The delights will of course continue on. For if there are few things more deliciously primal than running naked through snowy woods on a sun-spotted wintery spring day, there can be nothing more deliciously strange than that same runner being followed by a large bird. More precisely, a pileated woodpecker, he (or she) being the only avian soul brave (or stupid) enough to fly in such strange weather. Only after my internal dialogue's exhausted my supply of related jokes, only after I've begun to approach those places in the park where I might conceivably see another human, does this companion part. And having grown accustomed to at least the occasional fox shadow when running in the park, it doesn't seem strange until after I speak of it later.

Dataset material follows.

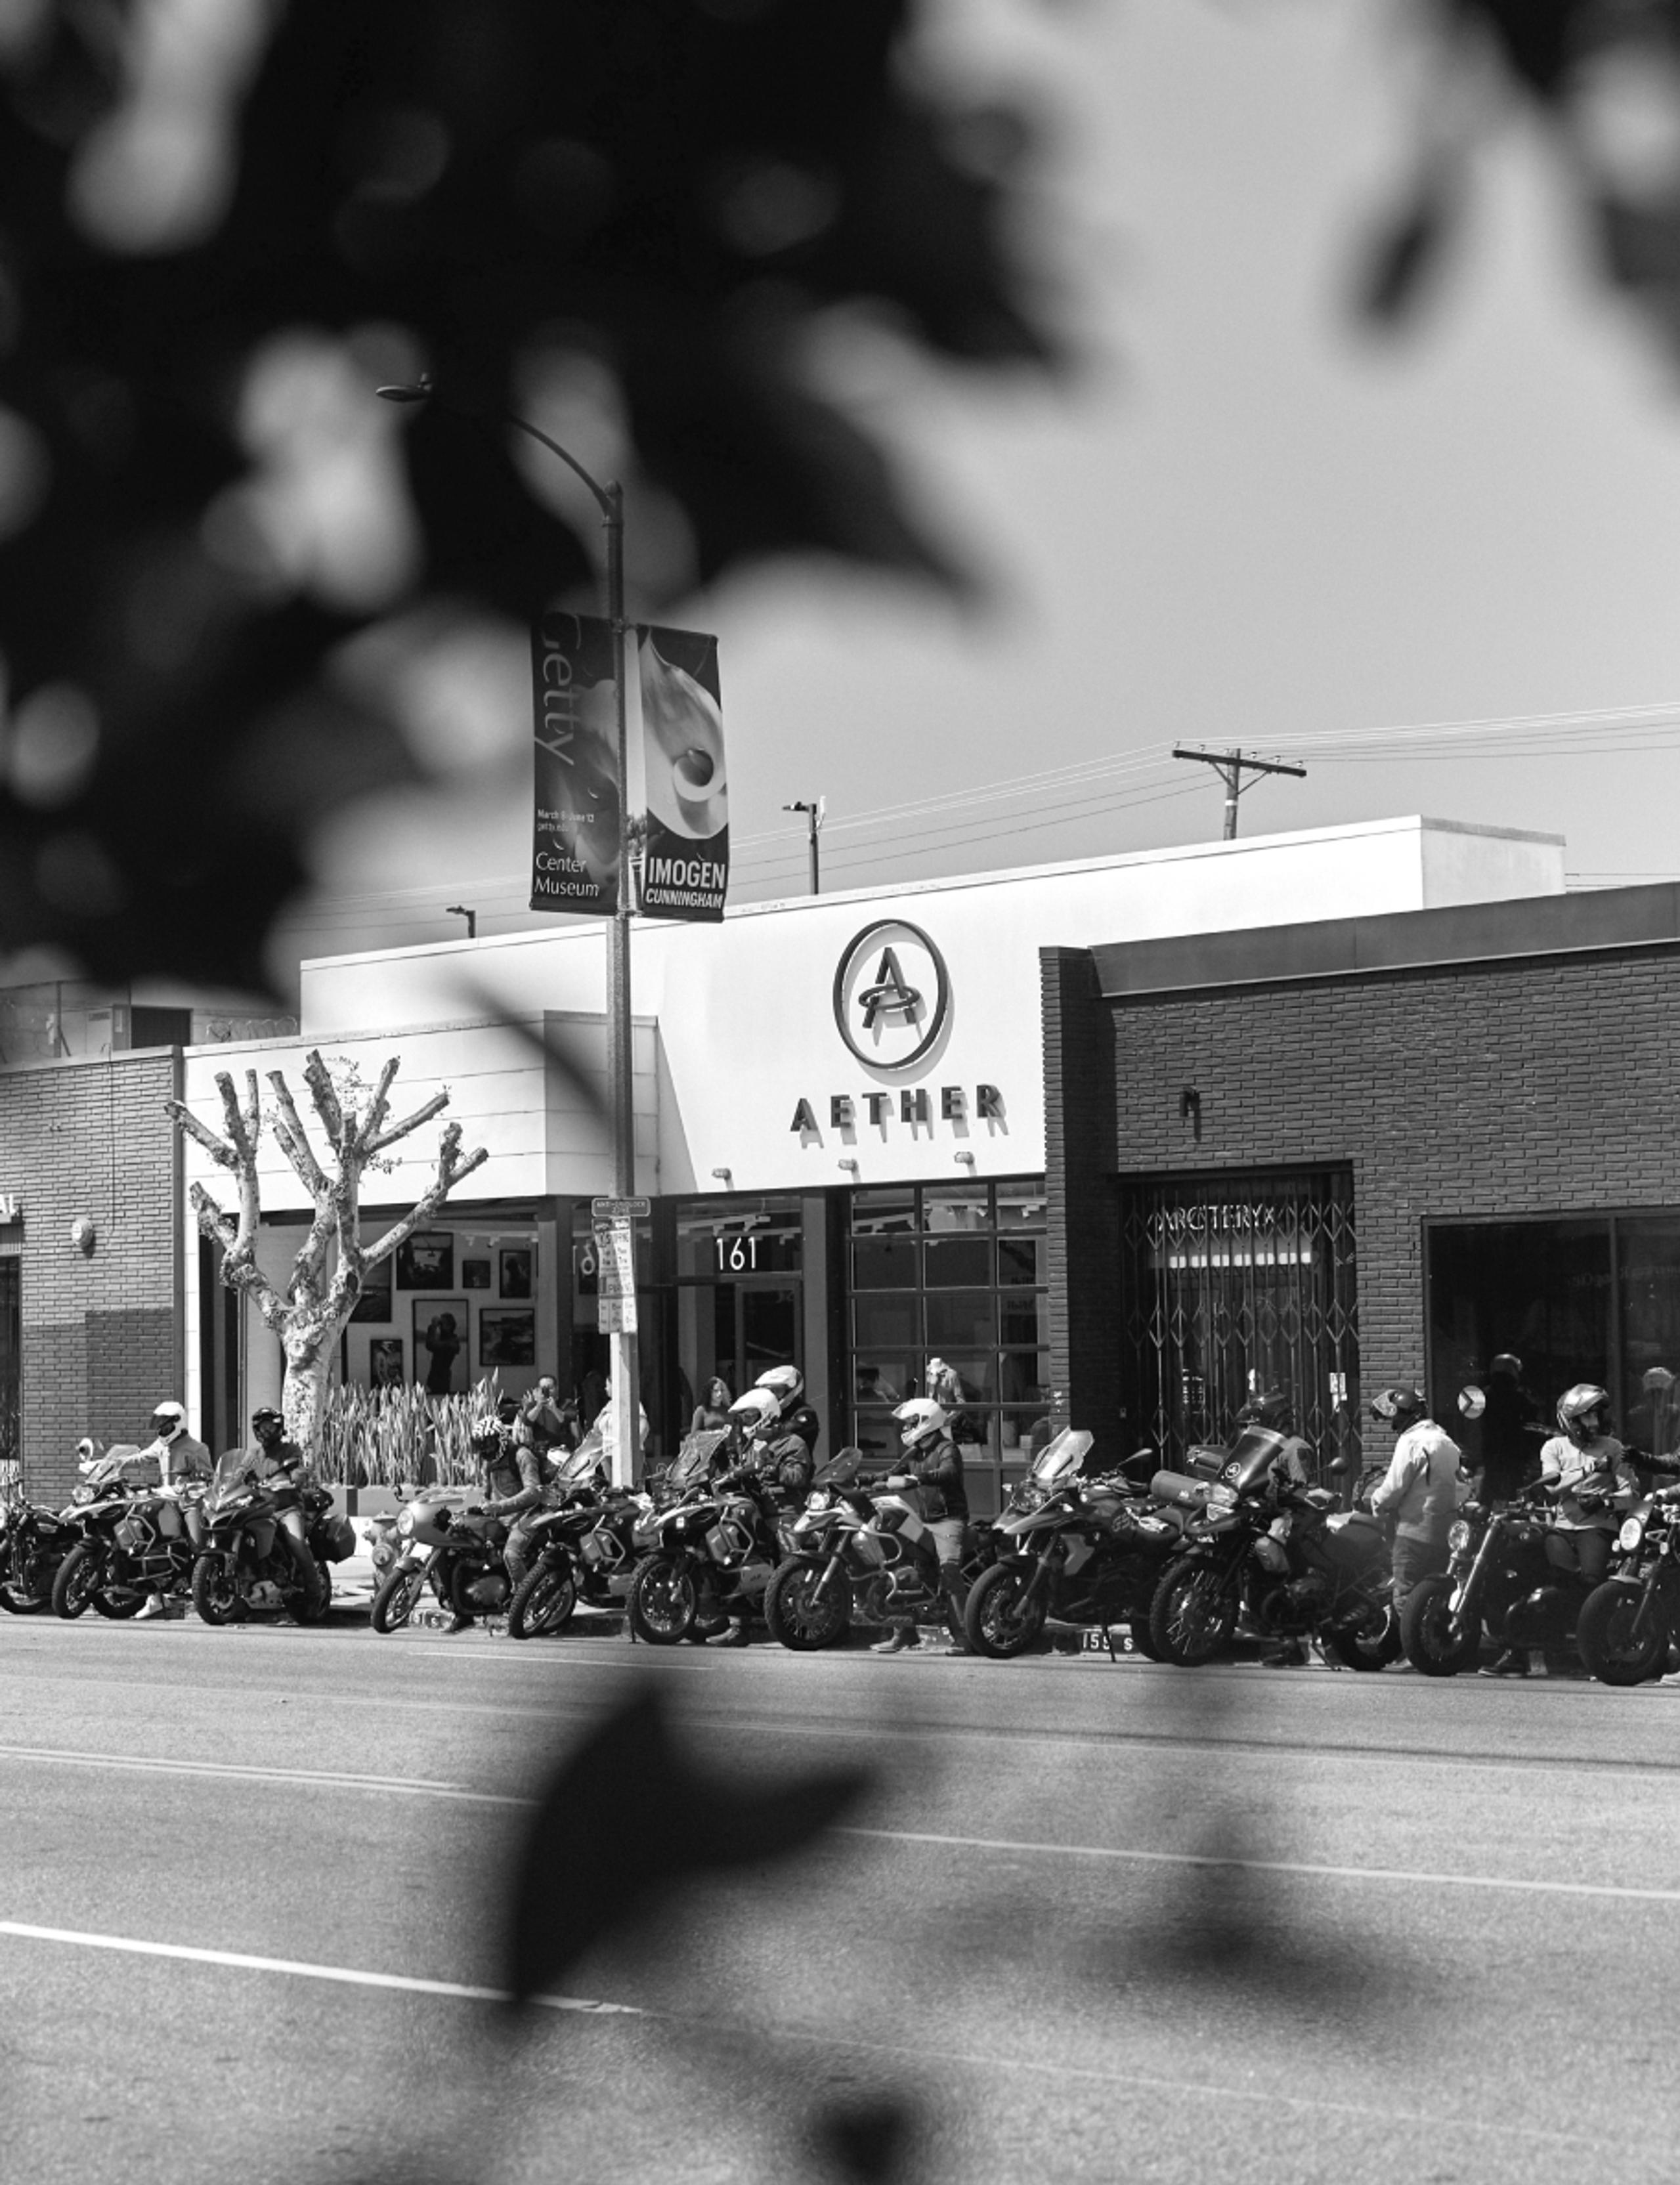 Black and white photo of motorcyclists lined up in front of AETHER store in Los Angeles

But these are the miles I run, and this is the place I live in, not the kind of place one can be ambivalent about, being the kind of place you either love or hate or both, depending on the season and the weather. It'll be a hard place to leave, that time coming 'round once more. Even when the miles are miserable, what a wonderful thing they are. And that's all I'll ever ask for, my preference being a simple sort of life. Miles of trials, trials of miles, and the days just keep rolling on.